25 Nisan 2016
64.Hükümet Programı ve 2016 Yılı Eylem Planında yer alan hedeflerin gerçekleştirilmesi gerekçesiyle Türkiye Büyük Millet Meclisi Başkanlığı’na sunulan “65 Yaşını Doldurmuş Muhtaç, Güçsüz ve Kimsesiz Türk Vatandaşlarına Aylık Bağlanması Hakkında Kanun ile Bazı Kanun ve Kanun Hükmünde Kararnamelerde Değişiklik Yapılmasına Dair Kanun Tasarısı”, Plan ve Bütçe Komisyonu’nca farklı Kanun Teklifleri ile de birleştirilerek Meclis Genel Kurulu’na iletilmiş ve 14 Nisan 2016 tarihli 73.Birleşimde kabul edilerek kanunlaşmıştır.
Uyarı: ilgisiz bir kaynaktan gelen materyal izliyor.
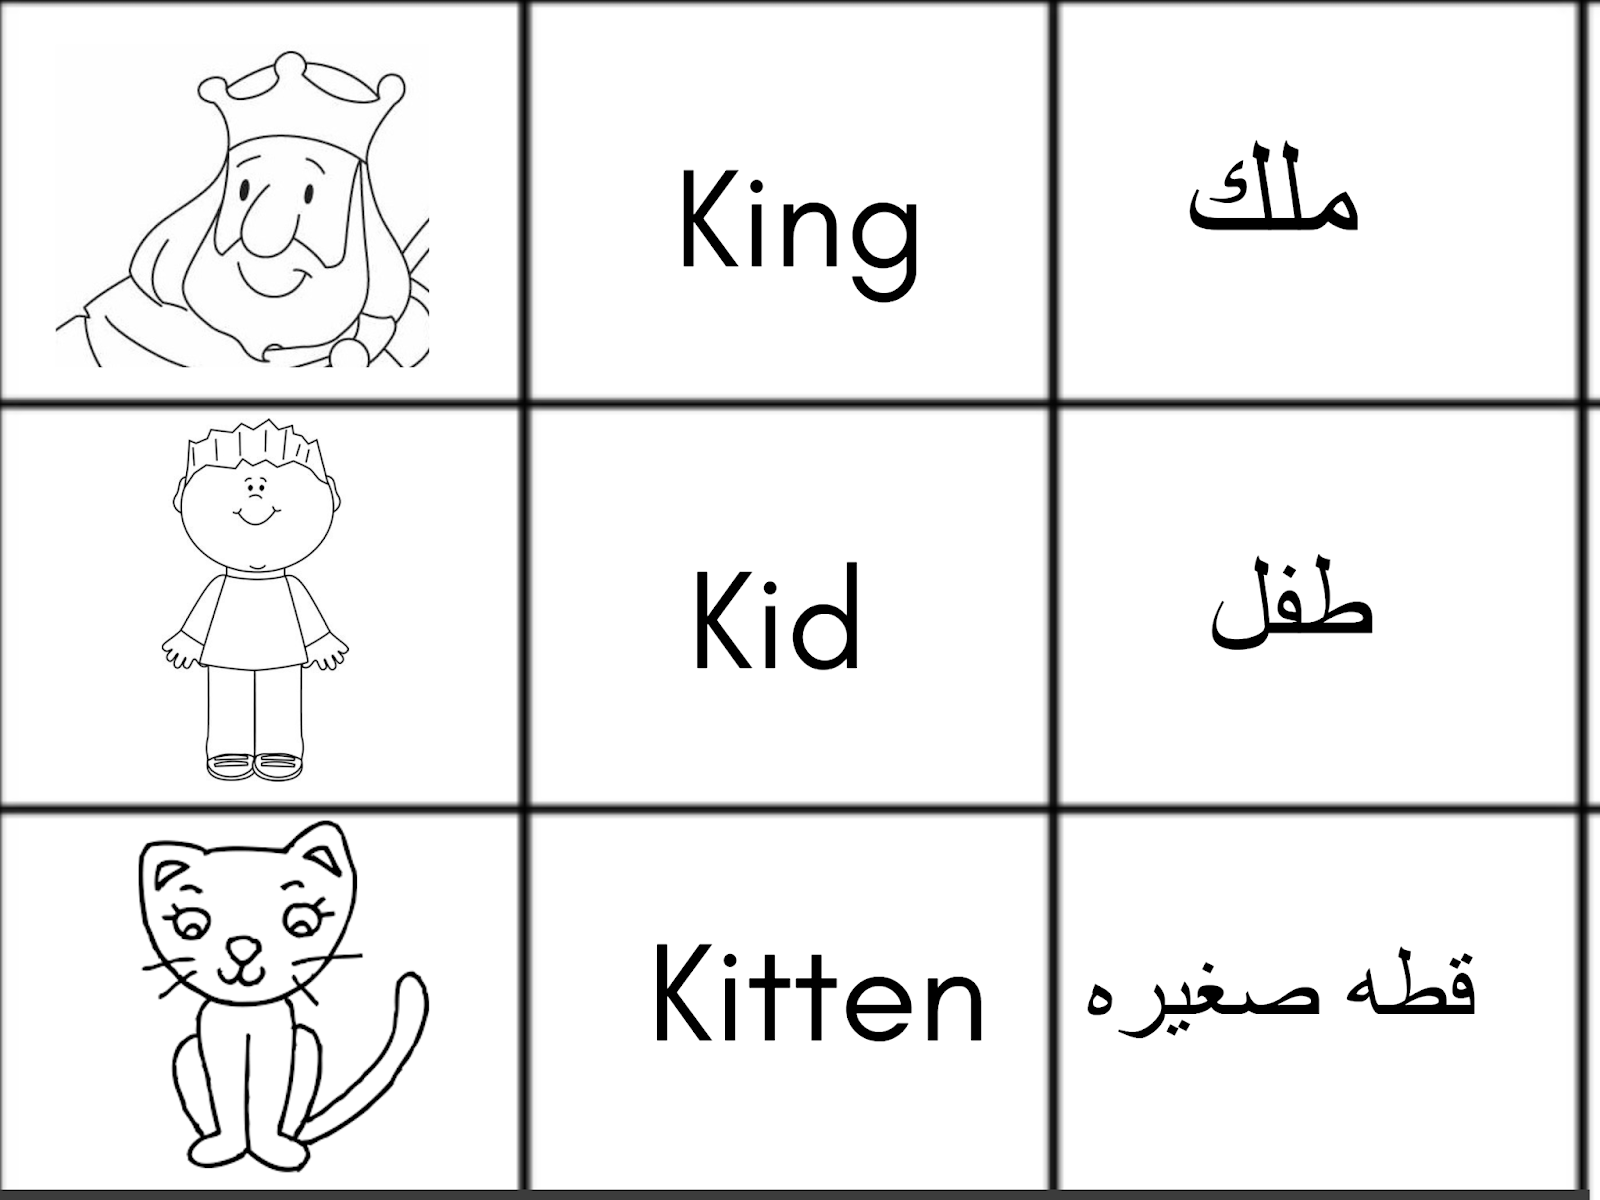 صورة كلمات بحرف k , صور و كلمات مزخرفه بحرف k 3731 1

6704 Sayılı Torba Kanun ile 3194 Sayılı İmar Kanunu, 4342 Sayılı Mera Kanunu, 6306 Sayılı Afet Riski Altındaki Alanların Dönüştürülmesi Hakkında Kanun dahil olmak üzere pek çok Kanunda değişiklik getirmektedir. Bu değişikliklerin önemli bir bölümü “Kanal İstanbul” olarak bilinen projenin yasal altyapısını oluşturmaktadır.
10 Aralık 2015 tarihinde Başbakan Ahmet Davutoğlu tarafından açıklanan 64.Hükümet 2016 Yılı Eylem Planı’nda, İstanbul’un yaşam alanlarını betonlaştıracak, büyük çevre sorunlarına neden olabilecek, kamu yararı yerine özel çıkarları amaçlayan Kanal İstanbul için yasal düzenleme yapılması, Ekonomi, Finans ve Ticaret alanında gerçekleştirilecek reformlar içerisinde tariflenmiş, bunun için ise son tarih 21 Haziran 2016 olarak belirlenmişti. Kamulaştırmalar ve arazi alımlarının yürütüldüğü, projeye dair tanıtım videolarının paylaşıldığı “Kanal İstanbul’un yapılabilmesi için mevzuat düzenlemeleri Torba Yasa ile getirilmiş ve projenin önü açılmıştır.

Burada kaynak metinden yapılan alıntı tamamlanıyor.